Alas for you, lawyers and Pharisees, hypocrites! You clean the outside of cup and dish, which you have filled inside by robbery and self-indulgence! Blind Pharisee! Clean the inside of the cup first; then the outside will be clean also. Matt. 23:25, 26, N.E.B.
I once bought a large hydraulic jack at a yard sale, and I was excited. For only $15 I brought home a shiny, hefty-looking piece of equipment that the pleasant lady behind the table had assured me was almost new. As I tried it out under our car, I bragged about my clever purchase to my wife. My face became red with anger (and embarrassment) as the jack oozed hydraulic fluid all over the floor and the car sank slowly down.

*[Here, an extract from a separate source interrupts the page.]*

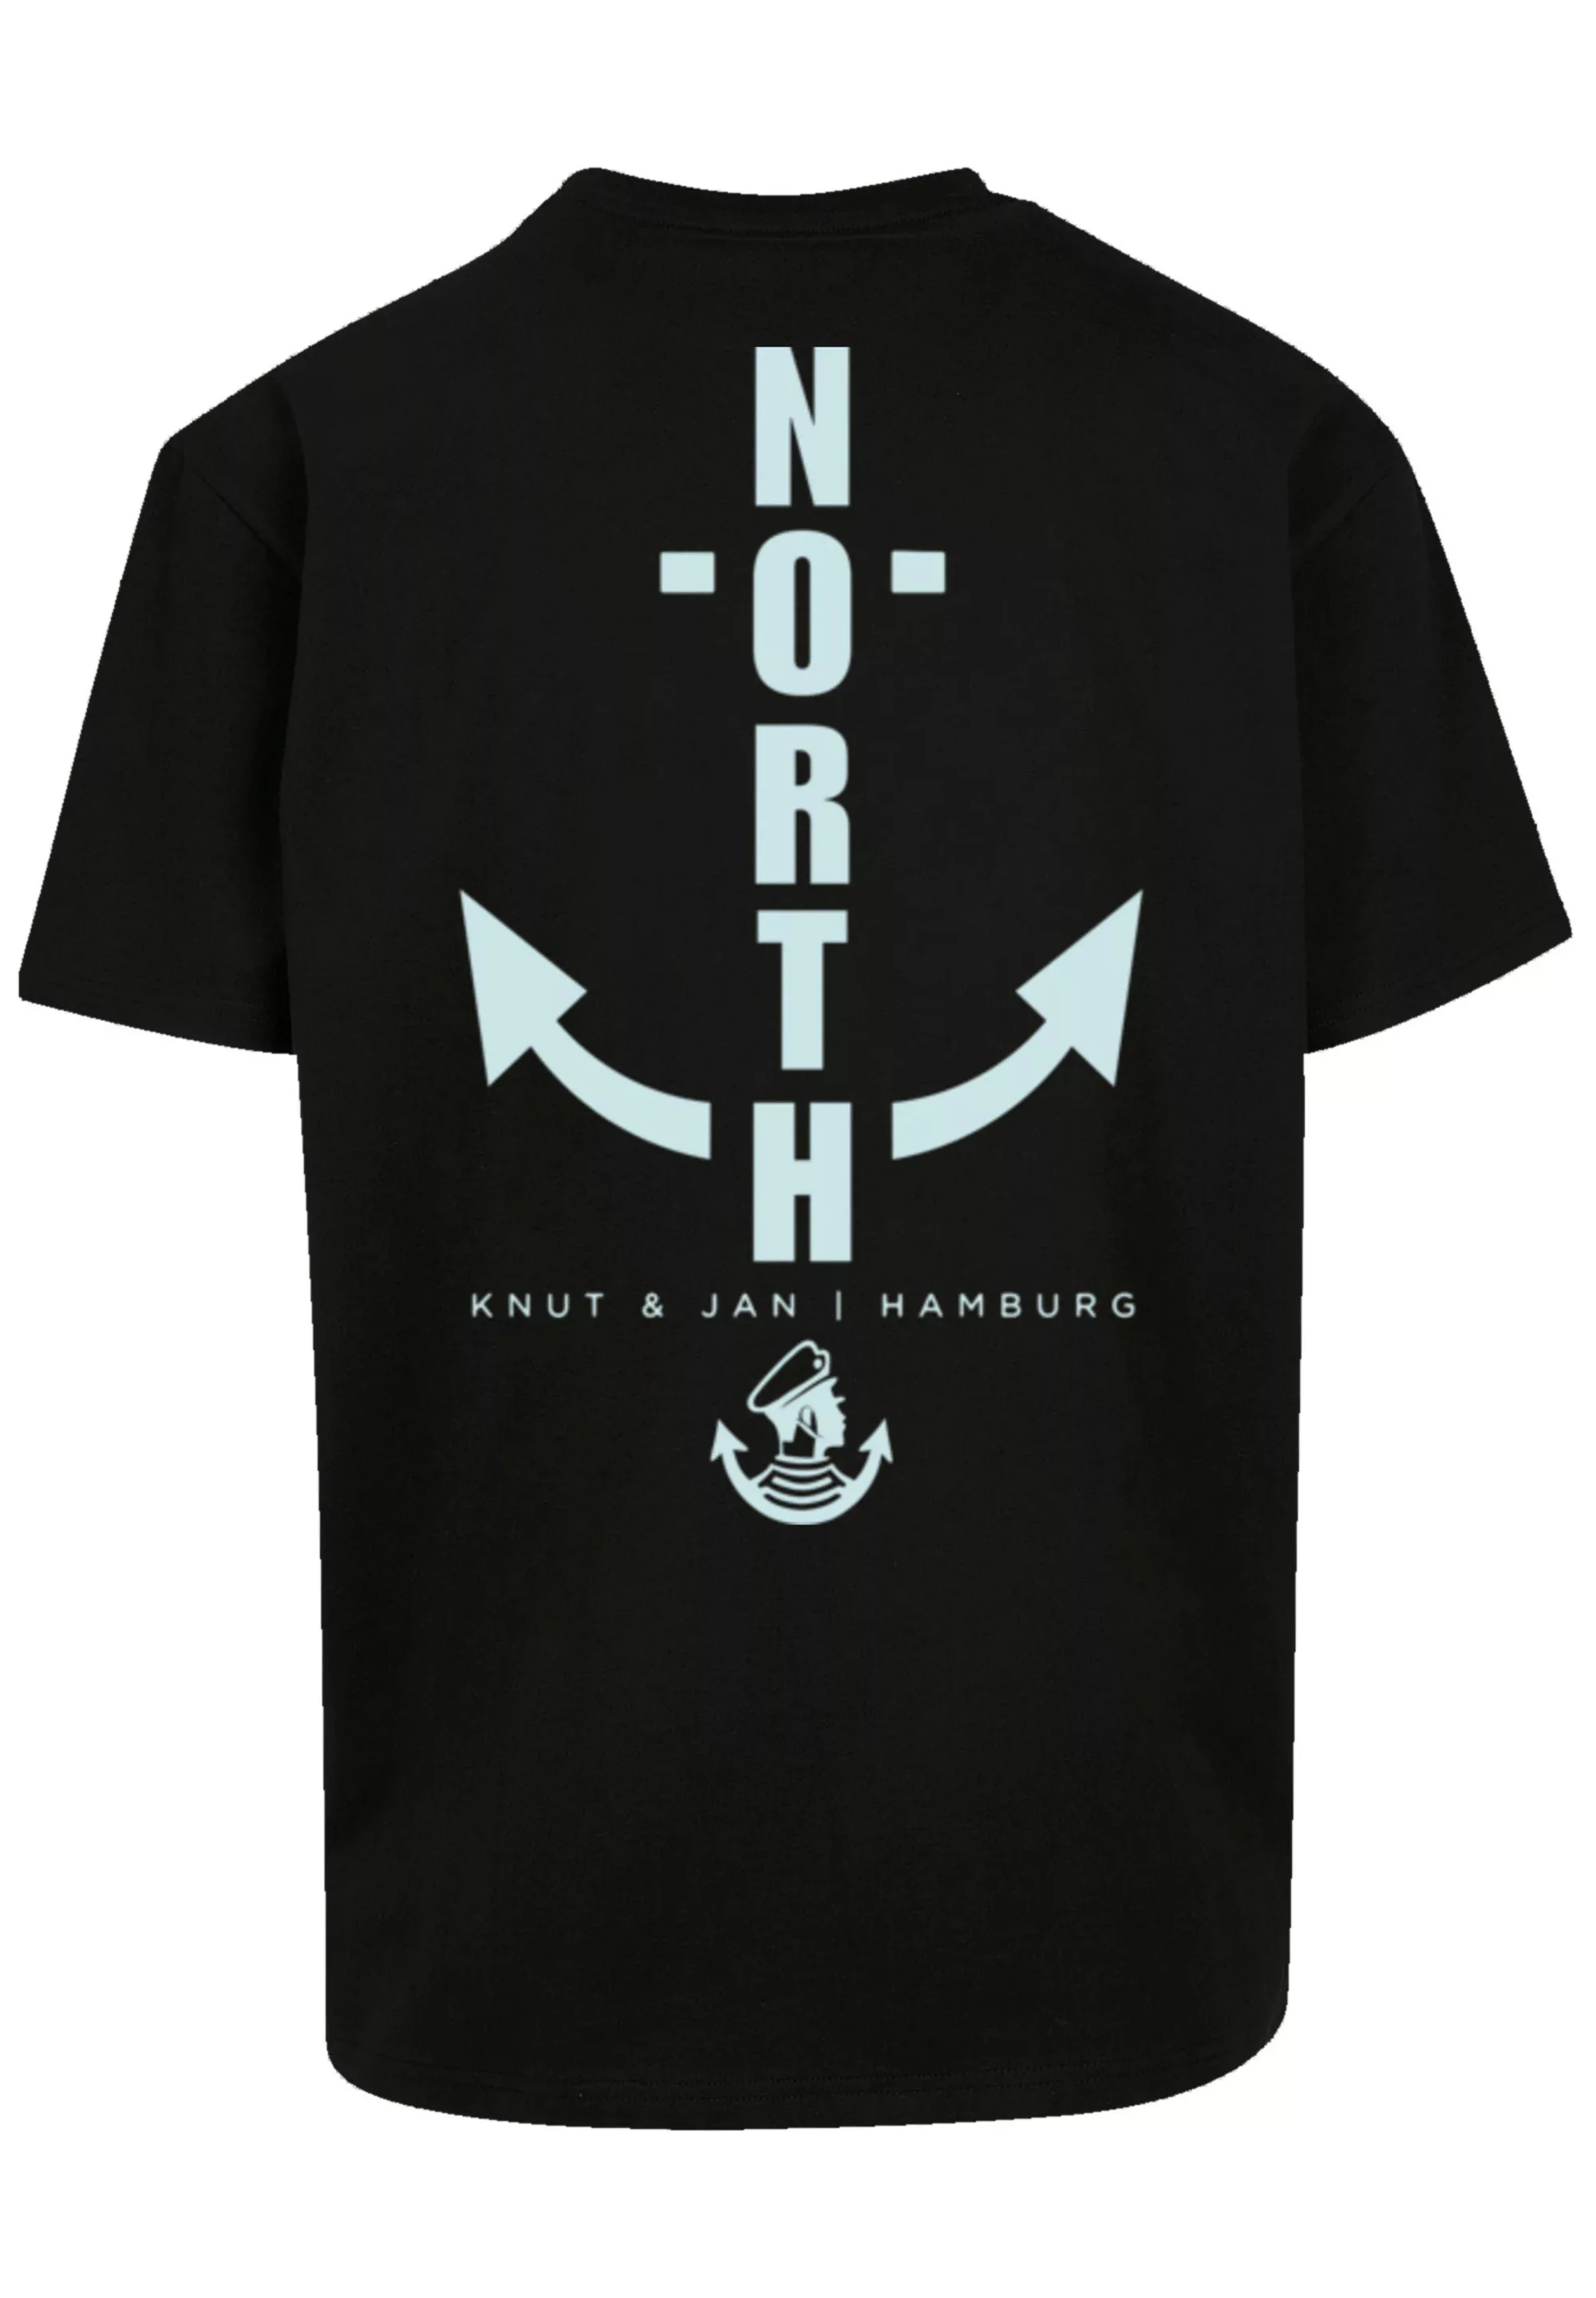 F4NT4STIC T-Shirt "North Anker Knut & Jan Hamburg" günstig online kaufen

Jesus is absolutely committed to reality. He wants everything in His kingdom actually to be on the inside what it claims to be on the outside. Nothing short of this would allow us to trust each other throughout eternity. No wonder He spoke so severely to those religious leaders who were veterans of pretense. Claiming to speak on behalf of God, the Pharisees were giving the people reason to believe that God Himself would be content with an outward show of righteousness, overlooking the reality of the inner condition. But Jesus was telling all who would hear that His Father, too, was committed to reality.
This raises an interesting question. If Jesus decries the idea of a person being clean only by outward appearance while in reality being still attached to sin, then what is the difference between an outwardly scrubbed cup and the "robe of Christ's righteousness," as it has often been understood? Rather than hiding our real condition from the eyes of man (as taught by the clean cup metaphor), the robe of Christ's righteousness is presumed to hide our real condition from the eyes of God. This idea suggests we can "hide" under the substitutionary merit of Christ's perfect righteousness and the Father will accept us to be what in reality we are not.
But the robe of Christ's righteousness is never intended to be a falsification of reality. Christ does not provide it either to fool or to change the Father. The robe is Christ's potent statement of the Father's love and acceptance for the sinner, which--when claimed and worn with pride--will produce actual cleanness within the sinner. And God need make no provision to hide sins that He is confident He can heal.